Support for the American Welfare State PDF Author: Fay Lomax Cook
Publisher: Columbia University Press
ISBN: 0231076193
Category : Public opinion
Languages : en
Pages : 344

Book Description
This edition reveals the results of a survey of attitudes of both the public and members of the U.S. House of Representatives about Social Security, Supplemental Security Income, Medicare, Medicaid, Aid to Families with Dependent Children, Food Stamps, and Unemployment Compensation.

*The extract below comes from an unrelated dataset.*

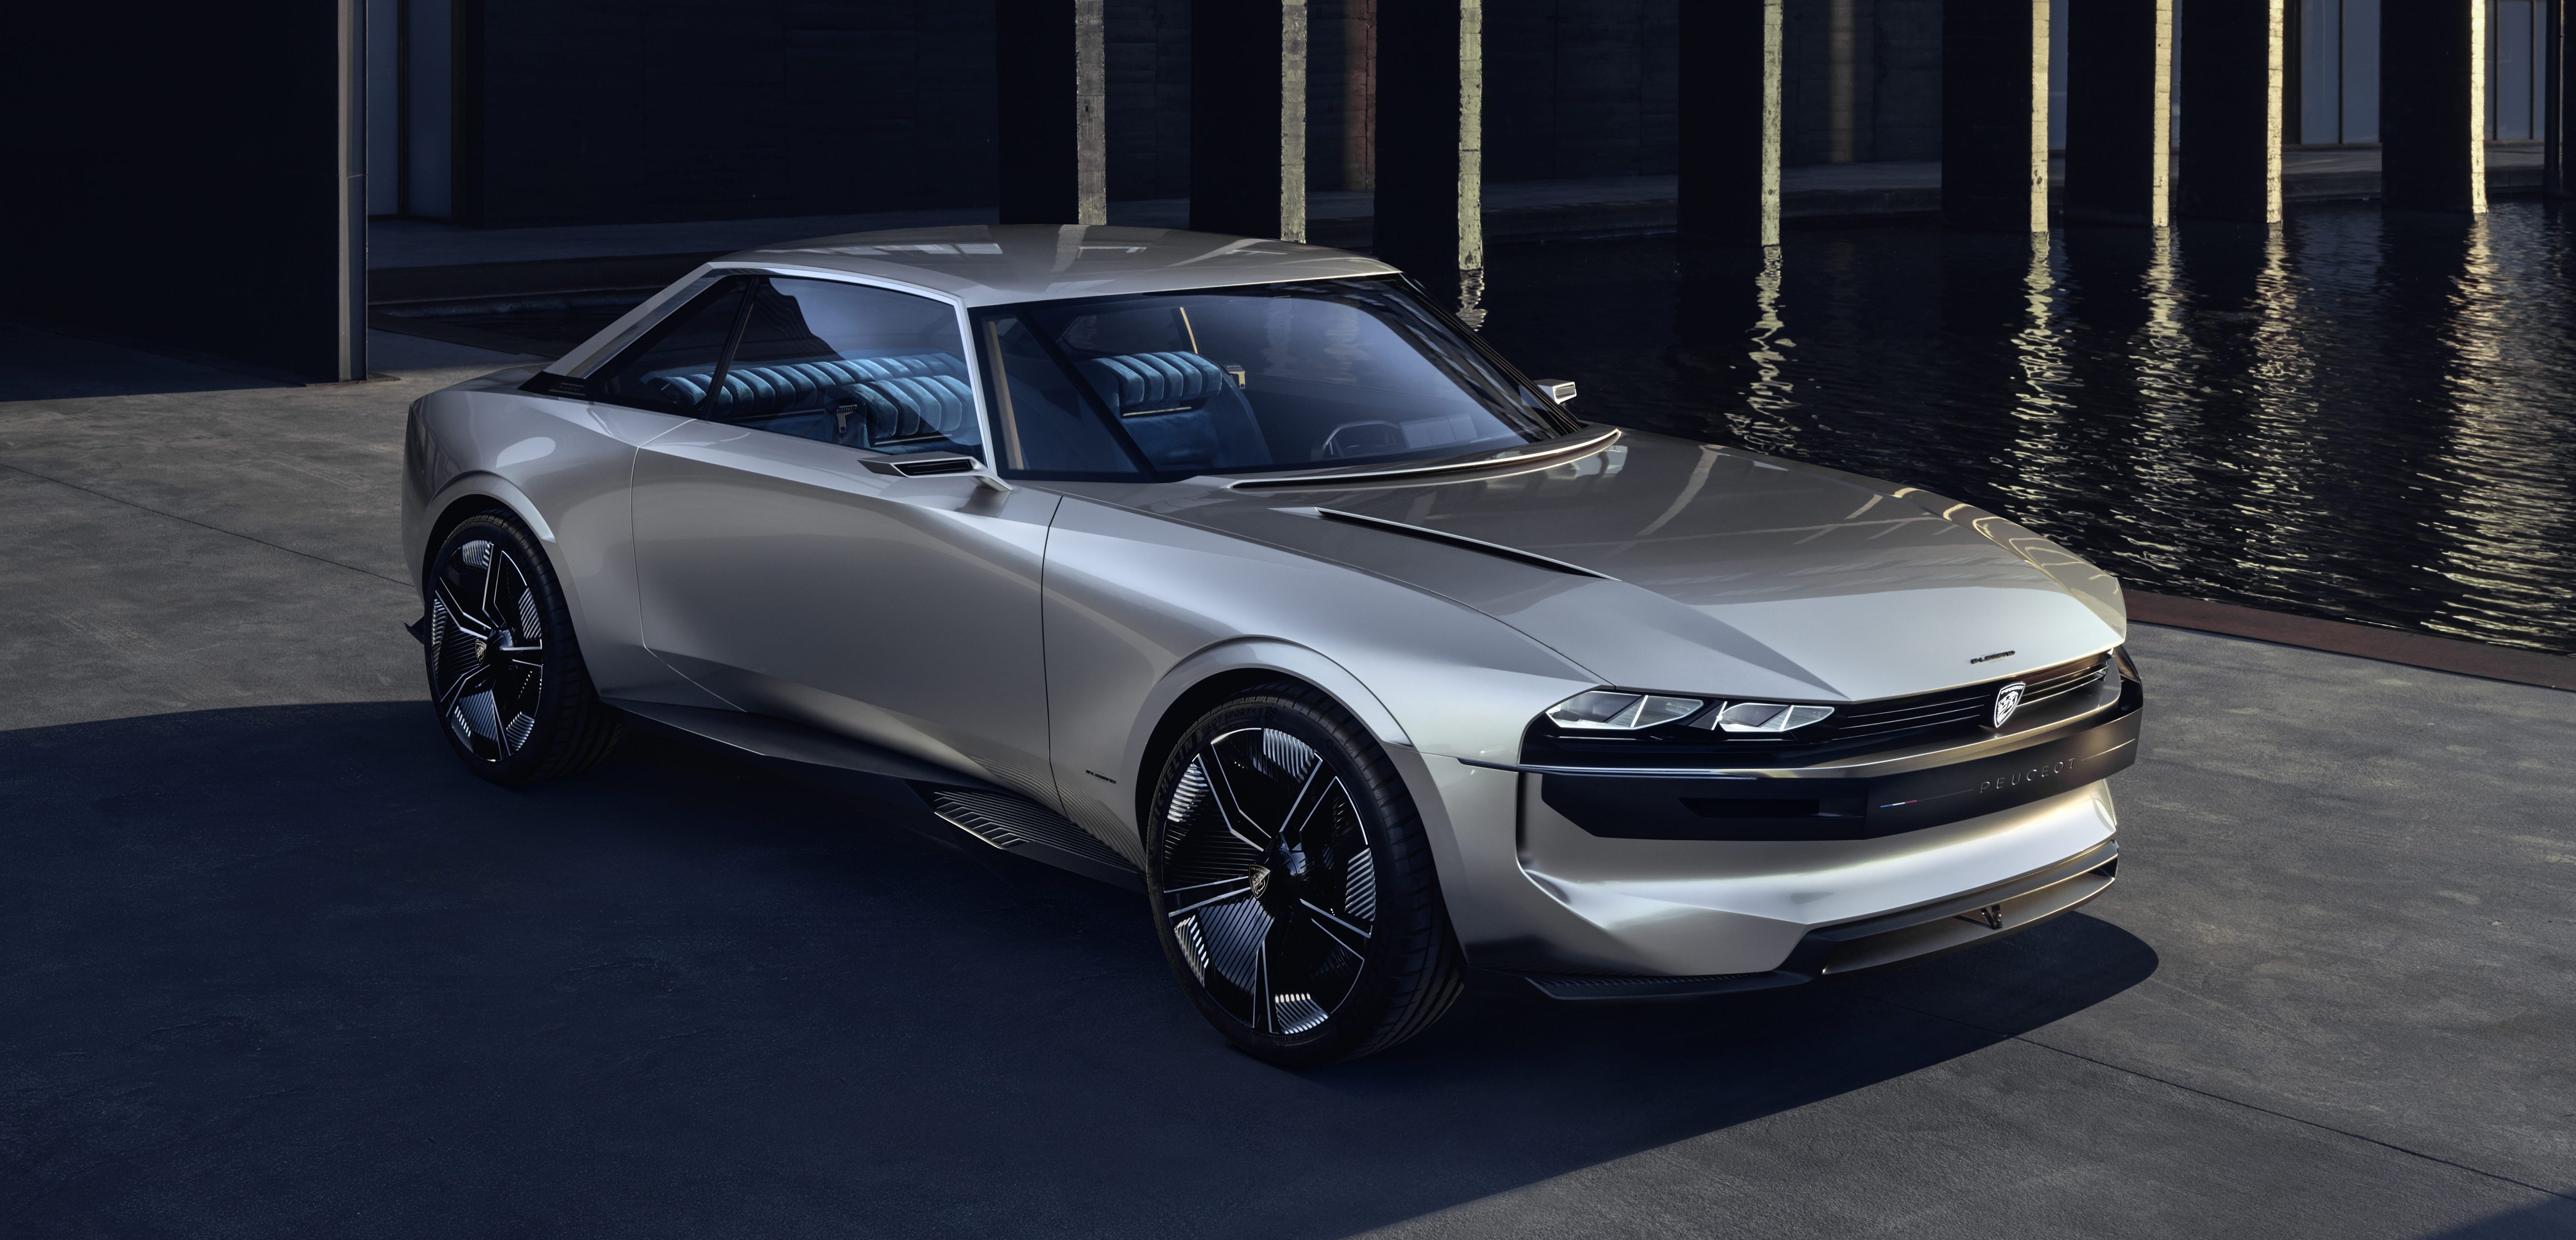 Peugeot unveils allelectric coupe concept with some muscle car DNA and

Support for the American Welfare State

Support for the American Welfare State PDF Author: Fay Lomax Cook
Publisher: Columbia University Press
ISBN: 0231076193
Category : Public opinion
Languages : en
Pages : 344

Book Description
This edition reveals the results of a survey of attitudes of both the public and members of the U.S. House of Representatives about Social Security, Supplemental Security Income, Medicare, Medicaid, Aid to Families with Dependent Children, Food Stamps, and Unemployment Compensation.

The Divided Welfare State

The Divided Welfare State PDF Author: Jacob S. Hacker
Publisher: Cambridge University Press
ISBN: 9780521013284
Category : Business & Economics
Languages : en
Pages : 468

Book Description
Publisher Description

The American Welfare State

The American Welfare State PDF Author: Brian J. Glenn
Publisher: Routledge
ISBN: 100046749X
Category : Political Science
Languages : en
Pages : 104

Book Description
Through a practical introduction to the policies of the American welfare state—a wide-ranging subject much discussed but seldom described—this concise volume details the four main areas of social welfare policy: housing assistance, nutrition assistance, income assistance, and medical assistance. In plain, approachable language, author Brian J. Glenn explains, for example, how Section 8 housing vouchers function, what the Supplemental Nutrition Assistance Program is, how Medicare has developed, and what Temporary Aid for Needy Families does. Especially in the era of Covid-19 and a recession, there is a need for citizens and students to understand the American social safety net. The American Welfare State is written in a manner that allows a complete novice to understand these programs in a brisk and comprehensive fashion that is both short enough to read over a couple of nights in a course and yet detailed enough for the programs to be understood at quite a nuanced level. In this thoroughly updated second edition, author Brian J. Glenn outlines the ways in which social welfare programs differ, sometimes dramatically, from locality to locality. To help students understand how these policies function, Glenn looks at the support households receive in five cities: Boston, Houston, Kansas City, Los Angeles, and New Orleans. This approach provides not only a geographic spread but also an examination of the variability of support, giving the reader a feel for the range of funding levels and also the variety of ways programs can be implemented. In short, this book is a fully updated and handy teaching and learning tool that fills a huge gap in the literature on a subject that many want to teach but often lack the resources to do.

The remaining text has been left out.